Similarly I've placed the threaded version in JE_T.py. Running that 10 times 
results in this:

    ~/Checkouts/kamaelia/trunk/Sketches/MPS/List> for i in `seq 10`;
      do ./JE_T.py; done
    213 messages received
    696 messages received
    676 messages received
    205 messages received
    232 messages received
    870 messages received
    952 messages received
    1000 messages received
    646 messages received
    1000 messages received

Which is also the sort of behaviour you describe.

Adding the self.sync() call does this:

    ~/Checkouts/kamaelia/trunk/Sketches/MPS/List> for i in `seq 10`;
     do ./JE_TS.py; done
    1000 messages received
    1000 messages received
    1000 messages received
    1000 messages received
    1000 messages received
    1000 messages received
    1000 messages received
    1000 messages received
    1000 messages received
    1000 messages received

The reason the latter works as you expect, but the former doesn't is tricky to 
explain, and I'm not actually sure if this is a bug we can do something about 
directly at this stage, or if it's something we have to chalk up as a race 
hazard.

I think it can be chalked up as a race hazard for which we can create a 
(better) work around.

I'll try and summarise what's happening.

For safety reasons, threadedcomponent was implemented as simply as possible 
originally.
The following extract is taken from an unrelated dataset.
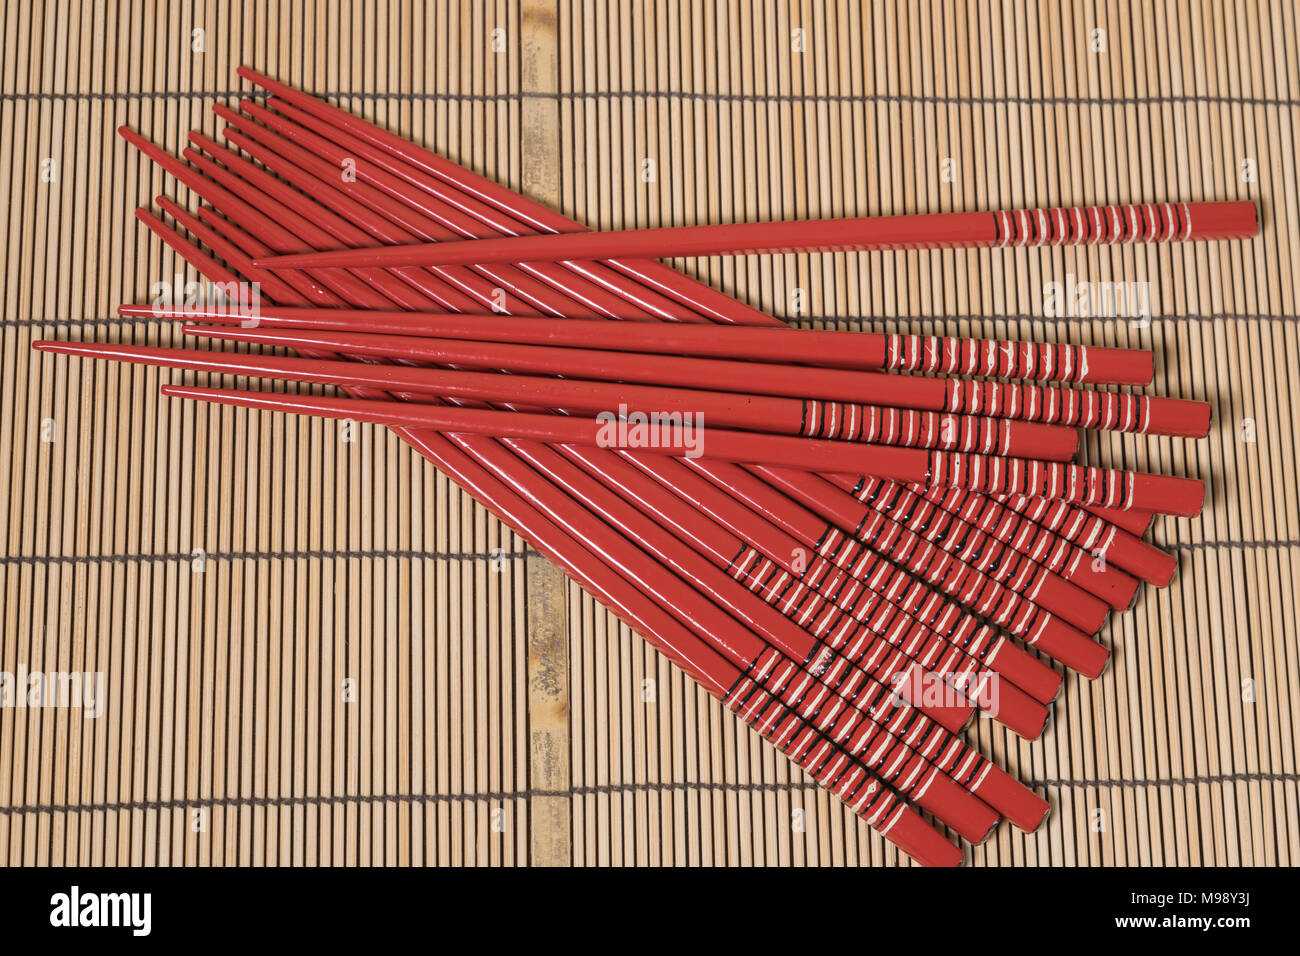 Rot lackierten Stäbchen auf einem Bambus Matte Stockfoto

Specifically, the following happens:
    * Someone creates a threadedcomponent - C
    * They call .activate() on it. This does 2 relevant things:
        - C.main() is activated inside a thread
        - C._localmain() is activated as a Axon.Microprocess.microprocess as a
           normal microprocess.

Essentially, when you activate a threaded component, 2 pieces of code are 
activated - the component you're running, and essentially a local postman.
   * This shadow postman runs in the same thread as the scheduler.
   * The thread runs inside it's own thread.

Communication between this shadow postman in the scheduler's thread and the 
thread containing the component logic is via Queue.Queue objects - inqueues 
and outqueues.

So when you send messages between 2 threaded components, the following occurs:

In the sender:
        * self.send(something, "outbox")
        - something is added to a Queue.Queue called self.outqueues[boxname]
        - The _localmain / local postman is woken up
    * _localmain/postman:
        - loops through self.outqueues[boxname] taking any values it finds,
          and delivers those into self.outboxes[boxname]

In the recipient:
    * _localmain/postman:
        - loops through self.inboxes[boxname] taking any values it finds,
          and delivers those into self.inqueues[boxname]

Summarising that, the following happens in the following threads:
    a Add to outqueue [ in producer thread]
    b move from outqueue to outbox [ in scheduler thread ]
    c move from inbox to inqueue [ in scheduler thread ]
    d Collect from inqueue [ in consumer thread ]

Now, the interesting step here is "c"
    * Step c has an interesting issue. The way "c" is implemented is as
       follows:
          for box in self.inboxes:
              # copy data from inboxes[box] to inqueue[box]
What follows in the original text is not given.